To start, I don’t know why the original version of this movie was named Alien Zone It has nothing to do with aliens. The House of the Dead works because the whole movie is happening in a mortuary. Also, while my copy of Alien Zone on the Cult Cinema set is 1:30 longer than my copy of The House of the Dead on the Chilling set, I don’t think there’s any difference between the two (apart from The House of the Dead being the much better print). They have all the same stories so I think they’re just playing at different speeds. When I manage to sync both copies up, they fall out of sync pretty quickly.
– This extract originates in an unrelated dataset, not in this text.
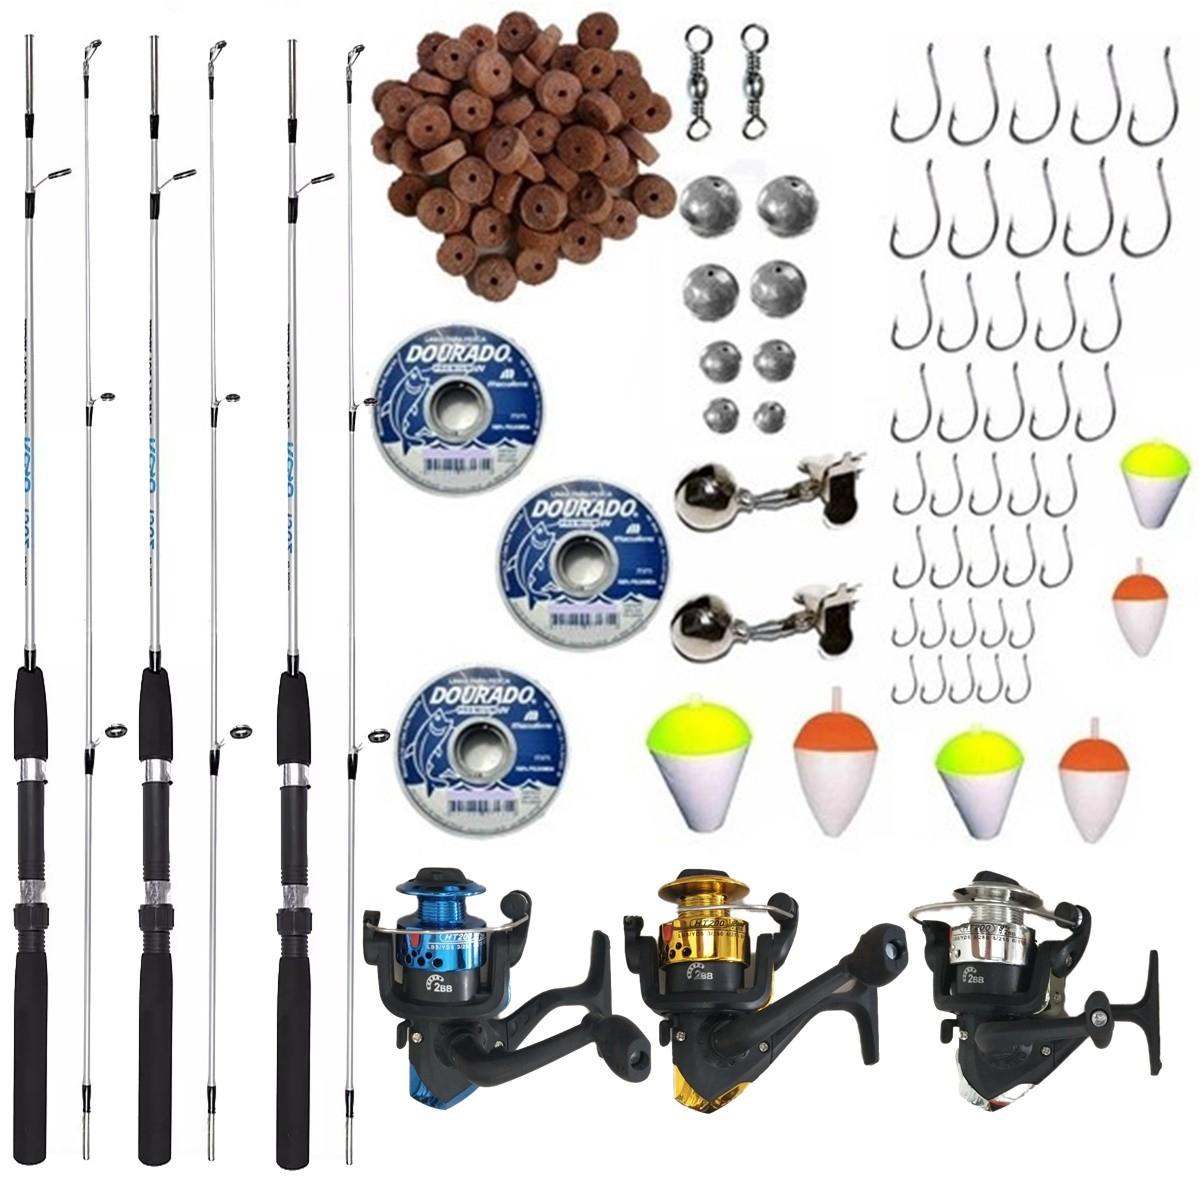 Kit De Pesca Completo Suporta 8kg 3 Vara 1,50 3 Molinetes + Itens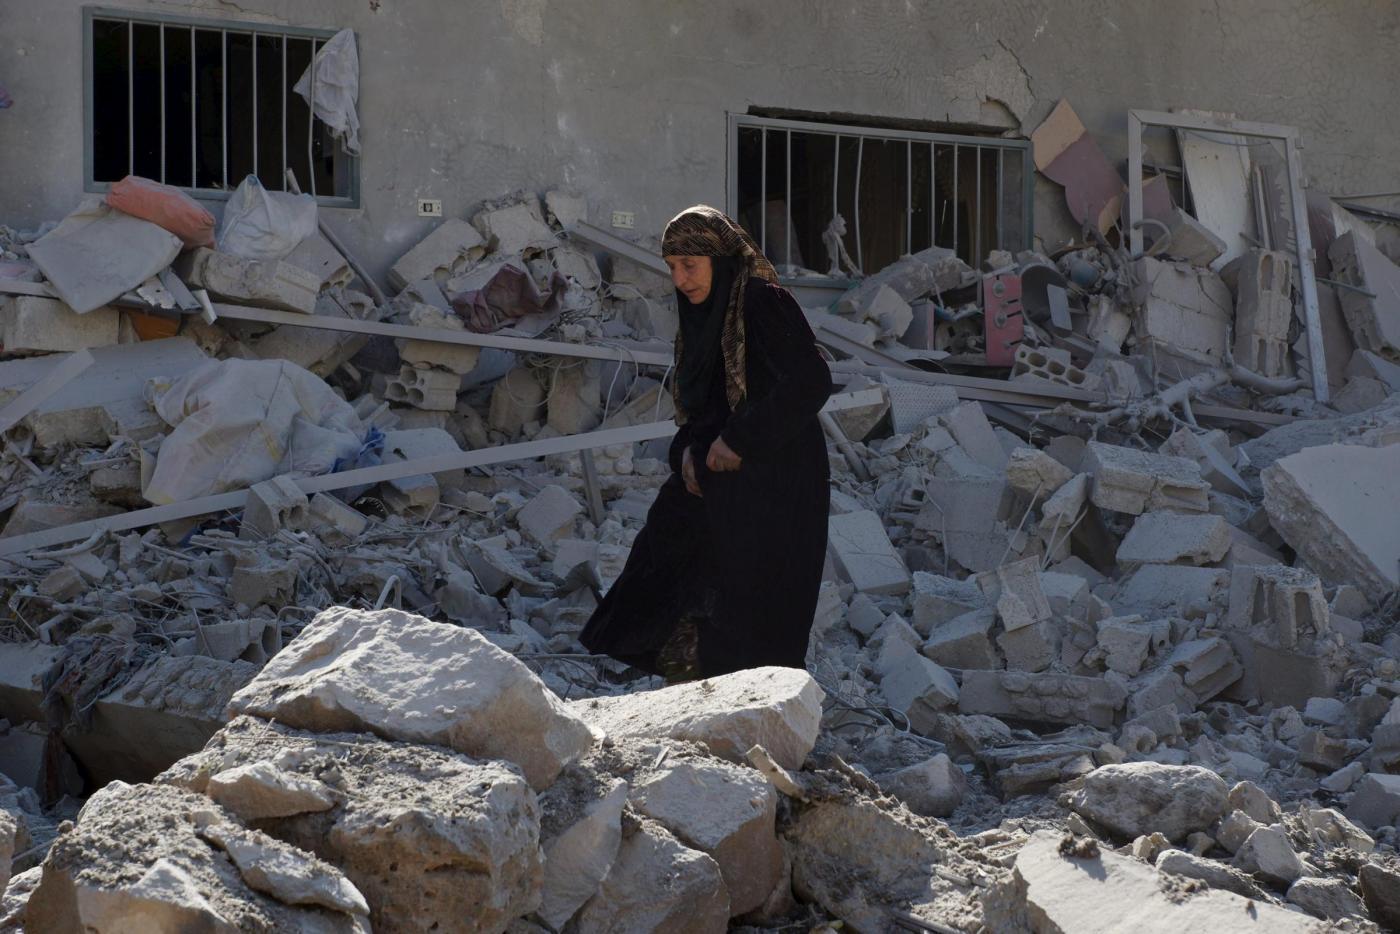 Siria, continuano i raid aerei su civili a Deraa

As to the quality of the movie itself, obviously I wasn’t thrilled by it. Anthology pieces are hard to do and you really have to demonstrate some neat idea that’s best served by being a short piece. The man trapped in the abandoned store is a neat idea. The detectives could have been spun out into an actual movie. The camera killer at least had the novelty of found-footage, but the producers couldn’t think of much to do with it. And the first piece was just poorly done. The movie, frankly, feels like a job application for a reboot of The Outer Limits or The Twilight Zone. Only it’s not good enough to land the job.

It’s not all bad, though. The two final pieces are interesting enough and the ideas are certainly useful if you’re trying to come up with an idea for a Call of Cthulhu session. Overall, though, it’s just not that great and it’s not particularly fun. I had mistakenly thought this was in the public domain, but it is not and I've removed my copy from the Internet Archive.